About this task:
With the pictures omitted, print exactly the lines below, from the one containing "HIGH-END HUMANOID ROBOT" through the one containing "2019 Newmar RV", and nothing else.

Exercise inputs:
__________
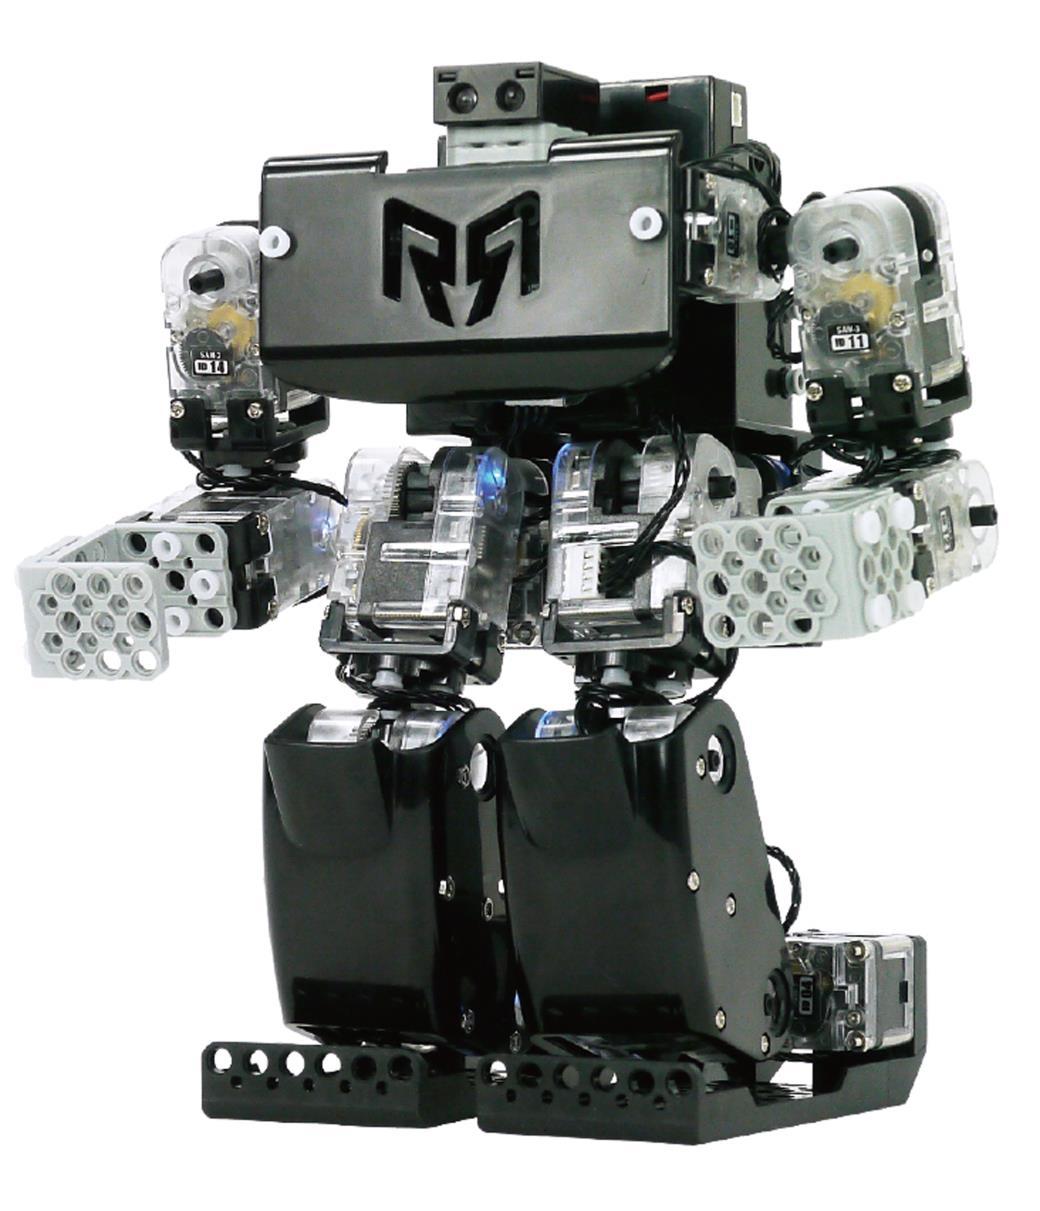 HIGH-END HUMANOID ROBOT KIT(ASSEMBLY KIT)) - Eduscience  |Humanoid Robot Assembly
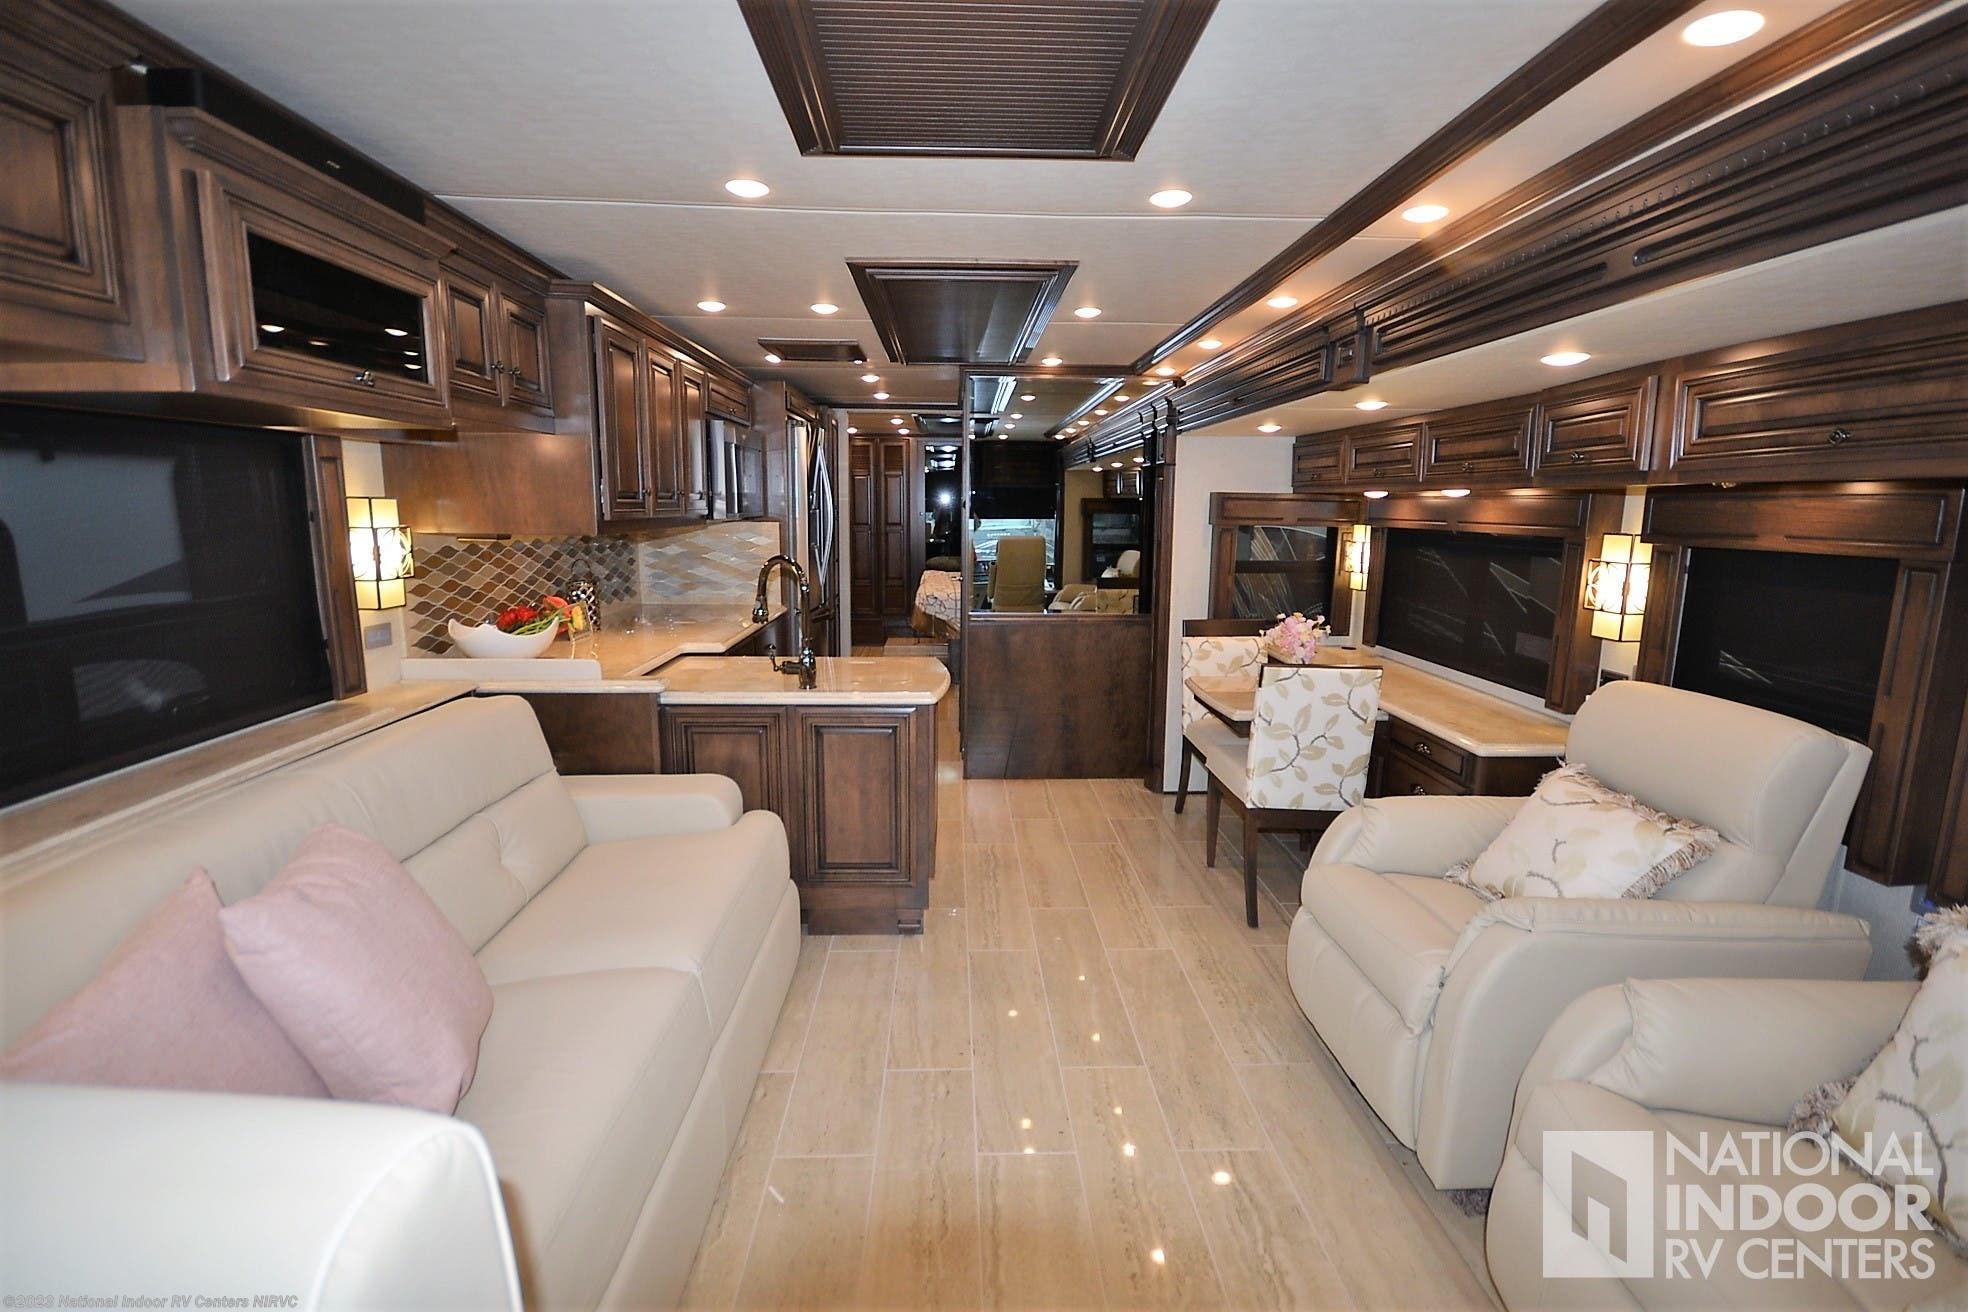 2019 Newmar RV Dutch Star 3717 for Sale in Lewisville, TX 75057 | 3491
__________
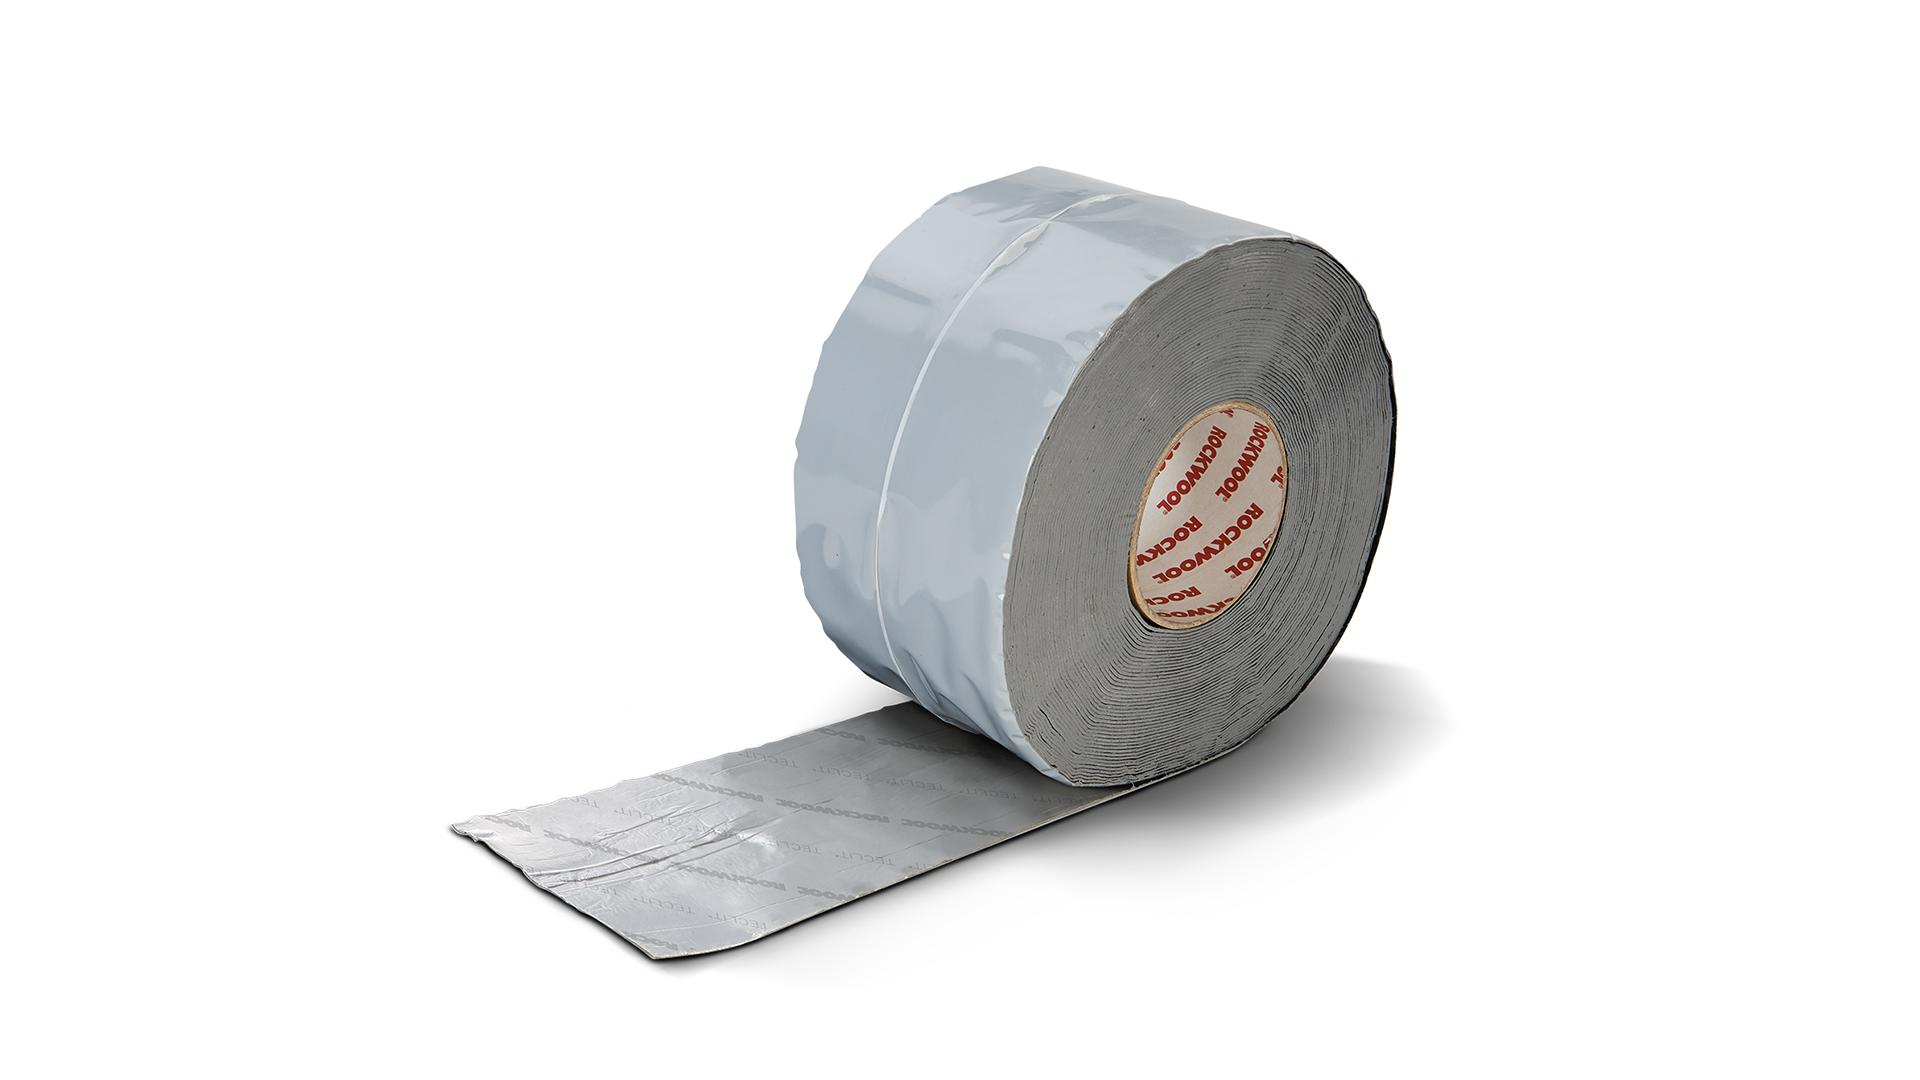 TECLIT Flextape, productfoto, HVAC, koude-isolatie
__________
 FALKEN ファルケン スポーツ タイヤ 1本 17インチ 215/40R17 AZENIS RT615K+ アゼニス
__________
Your response:
 HIGH-END HUMANOID ROBOT KIT(ASSEMBLY KIT)) - Eduscience  |Humanoid Robot Assembly
 2019 Newmar RV Dutch Star 3717 for Sale in Lewisville, TX 75057 | 3491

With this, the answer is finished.